Diverging from these existing methods, our proposed approach also falls under kernel-based methods but takes a distinct route. Unlike traditional techniques that utilize the kernel as a tool for measuring divergence or similarity and rely on the kernel trick to avoid explicit computation of the feature map, our method takes a direct approach.
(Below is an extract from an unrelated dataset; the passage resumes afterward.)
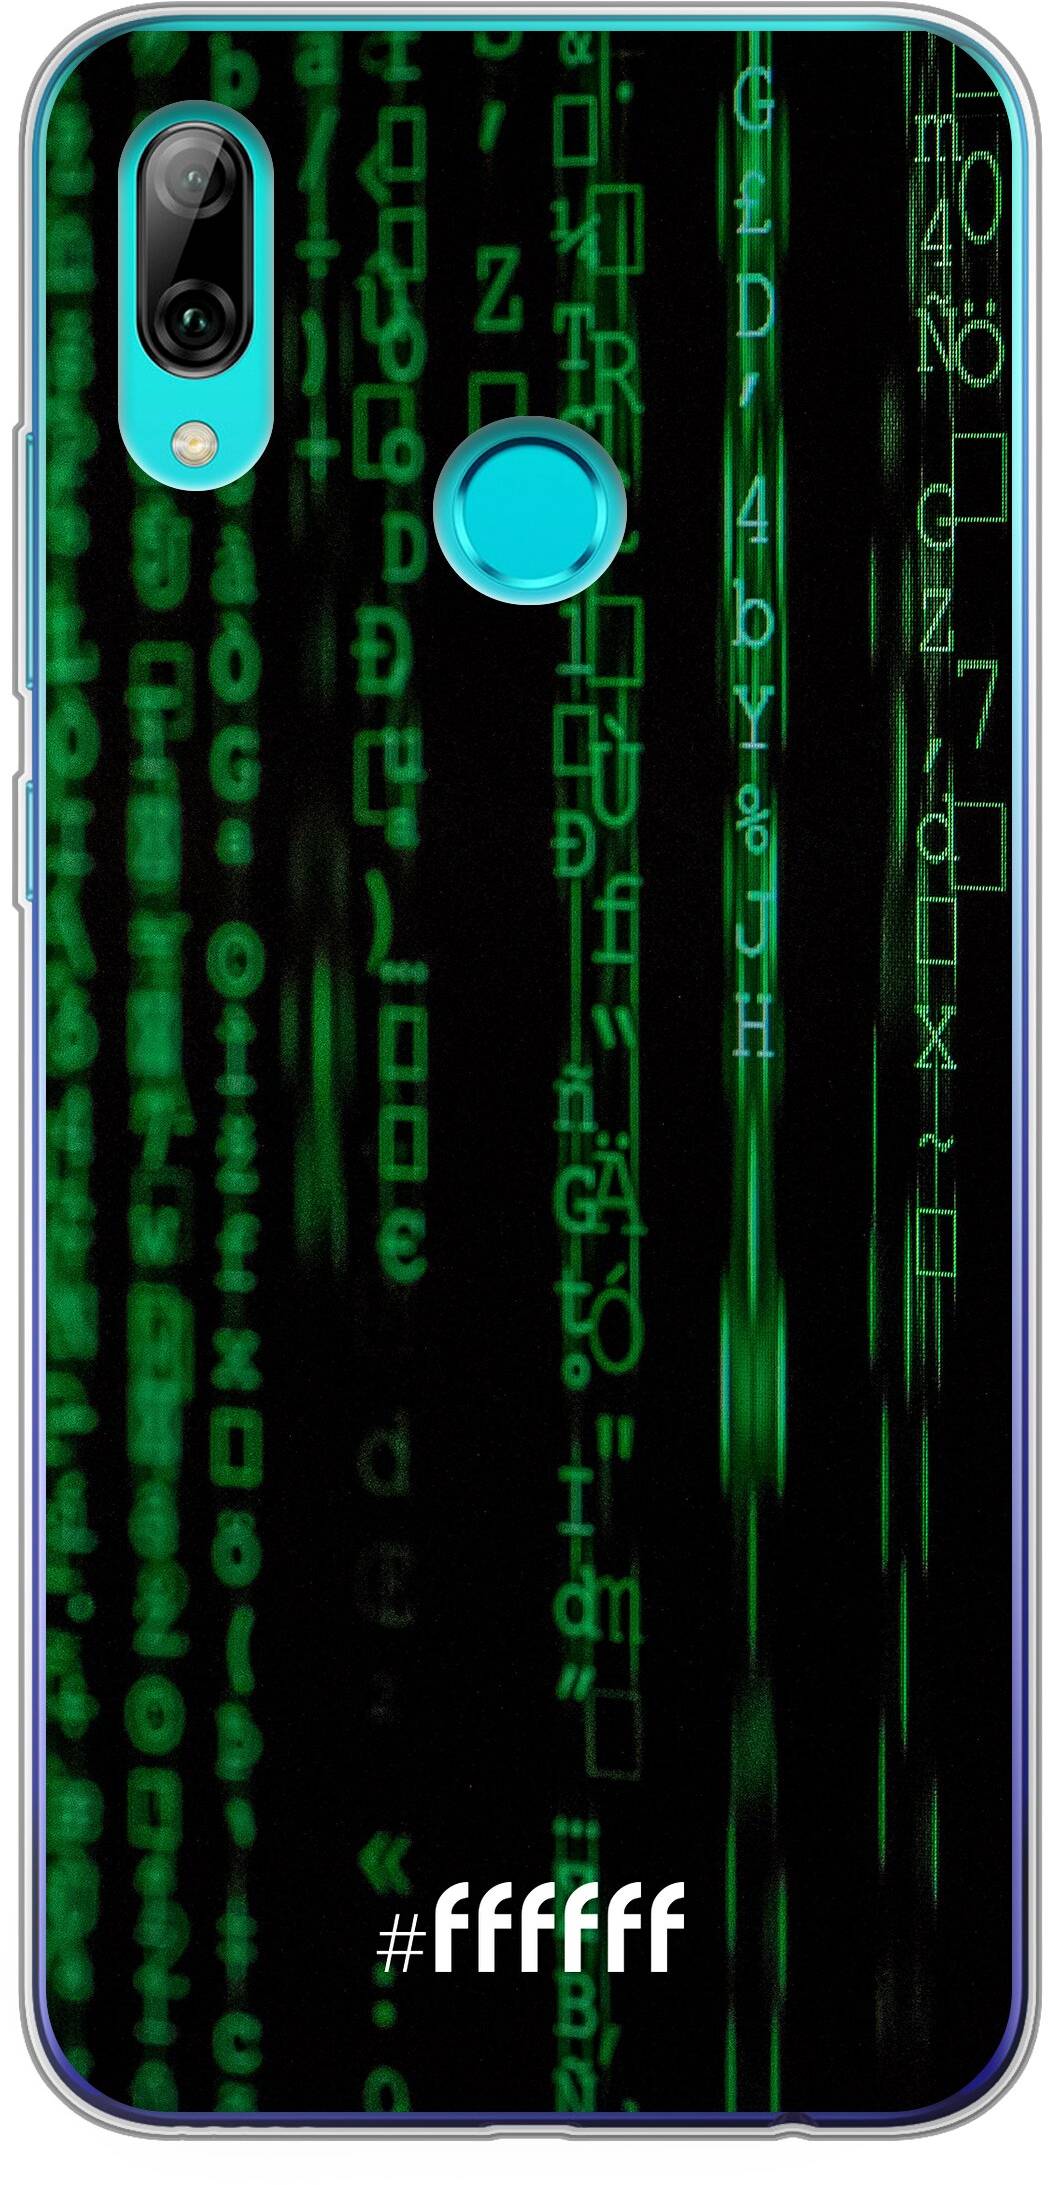 Hacking The Matrix P Smart (2019)

We compute the feature map through a random finite-dimensional feature map. This enables us to leverage a clustering-based perspective of kernel methods, which is instrumental in characterizing and refining representations for effective domain generalization.

[1] Huang, Zeyi, et al. "Self-challenging improves cross-domain generalization." ECCV 2020

[2] Bui, Manh-Ha, et al. "Exploiting domain-specific features to enhance domain generalization." NIPS 2021

[3] Chattopadhyay, Prithvijit, , et al. "Learning to balance specificity and invariance for in and out of domain generalization." ECCV 2020

In the methodology part, only the kernel-based feature selection procedure is presented, while the justification and in-depth analysis are also necessary. Specifically, compared with other methods that also aim at learning attributes, what are the limitations in the existing methodology? Correspondingly, what are the advantages and weaknesses of the proposed method in learning components?

Reply:

Our approach includes a mechanism for Attribute-Identifiability, which is crucial for determining whether an attribute in the target domain was previously present in the source domain. However, it's important to note that this is not solely a kernel-based feature selection process.
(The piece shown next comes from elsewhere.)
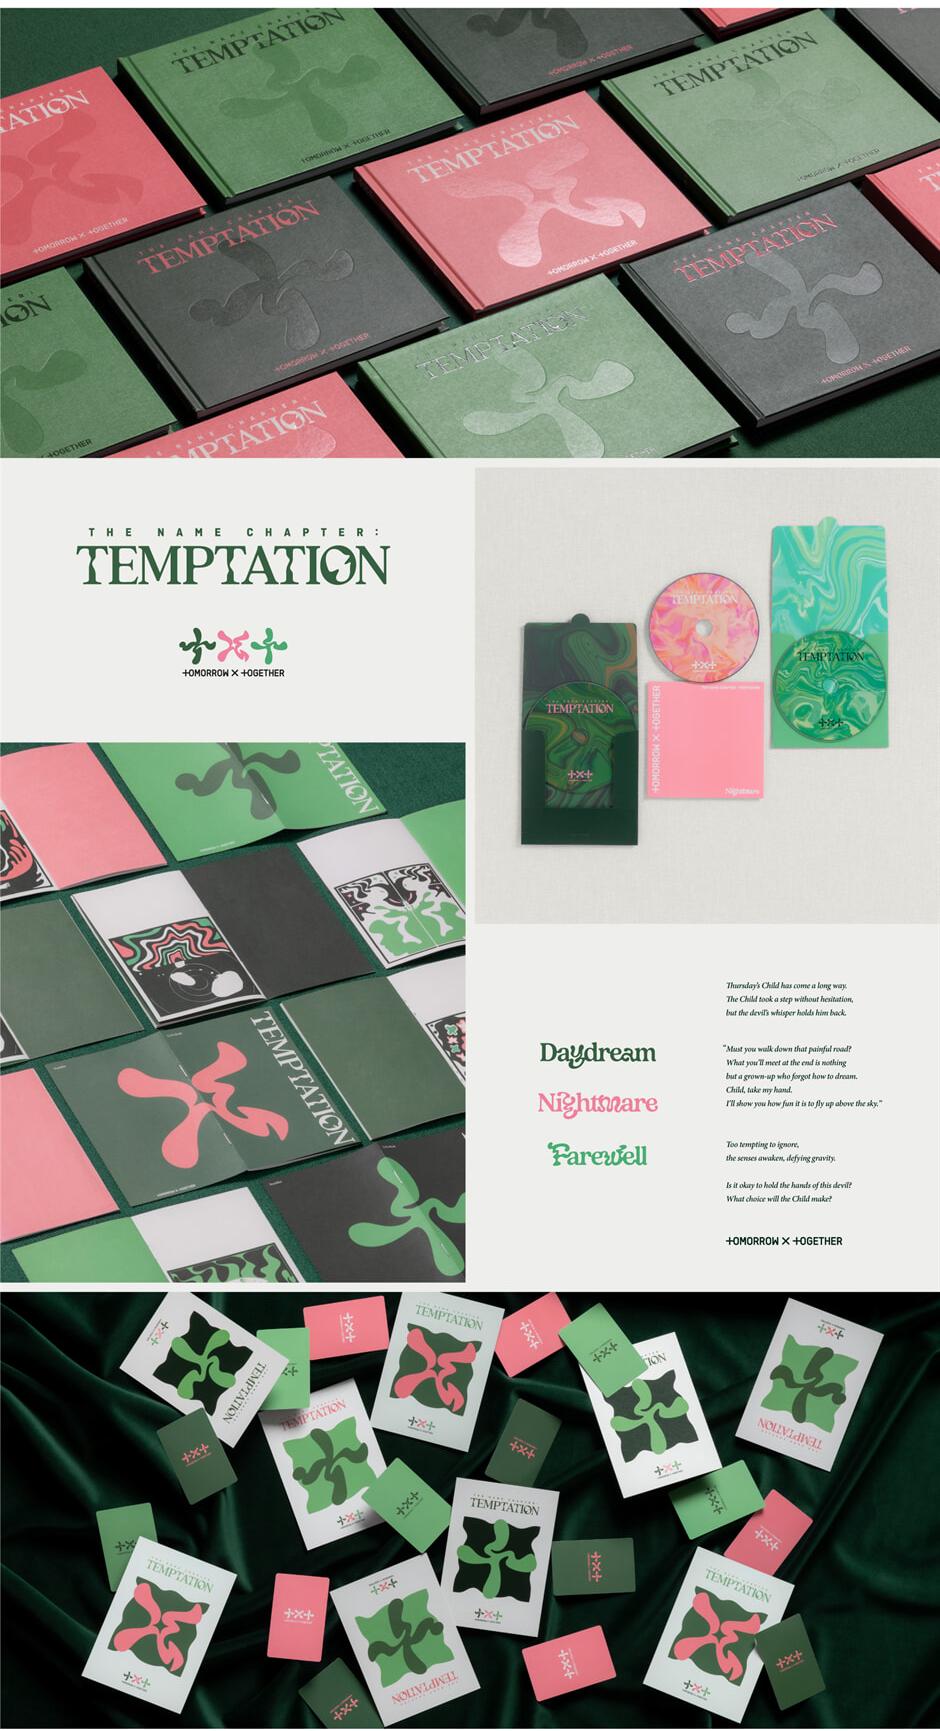 K-Pop CD TXT - 5th EP Album 'The Name Chapter: Temptation'

To elaborate further, we would like to offer additional insights into the fundamental aspects of our methodology:

Attribute-based representations are often expected to be easily interpretable and meaningful to the users of the model. Typically, learning and evaluating such models necessitates specialized domain knowledge. In our research, we reduce the need for such in-depth expertise by aligning our work with a specific downstream task: classification, as outlined in Definition 1.
We have developed a thorough framework for attribute identification, framing it as a kernel-based optimization problem (Section 3.4). In particular, we utilize the clustering perspective of kernel methods for attribute identification. To the best of our knowledge, no prior studies have applied the cluster-induced viewpoint of kernel methods at the attribute level for addressing domain generalization. Our work is pioneering in exploring this novel approach.
Beyond just identifying bases of attributes, our sophisticated formulation also promotes the distinctness of attribute clusters (Remark 1). This approach effectively enhances the discriminative power of the attributes we learn, contributing to the overall robustness and efficacy of our model.

2023-11-21

In this work, our primary interest lies in exploring the properties of kernel-based attributes and their advantages, rather than pursuing state-of-the-art performance.

Recent approaches, such as [1, 2, 3, 4], frequently adopt an ensemble strategy, particularly one based on SWAD [1]. This approach complicates the evaluation of the effectiveness of their latent representations. As a result, our research primarily focuses on methods that rely on a singular model for evaluation. Nonetheless, to provide a comprehensive view, we have broadened our related works section to include these methodologies. Additionally, we have conducted extra experiments where our KEAI model is trained using an ensemble strategy similar to SWAD, as shown in the following table.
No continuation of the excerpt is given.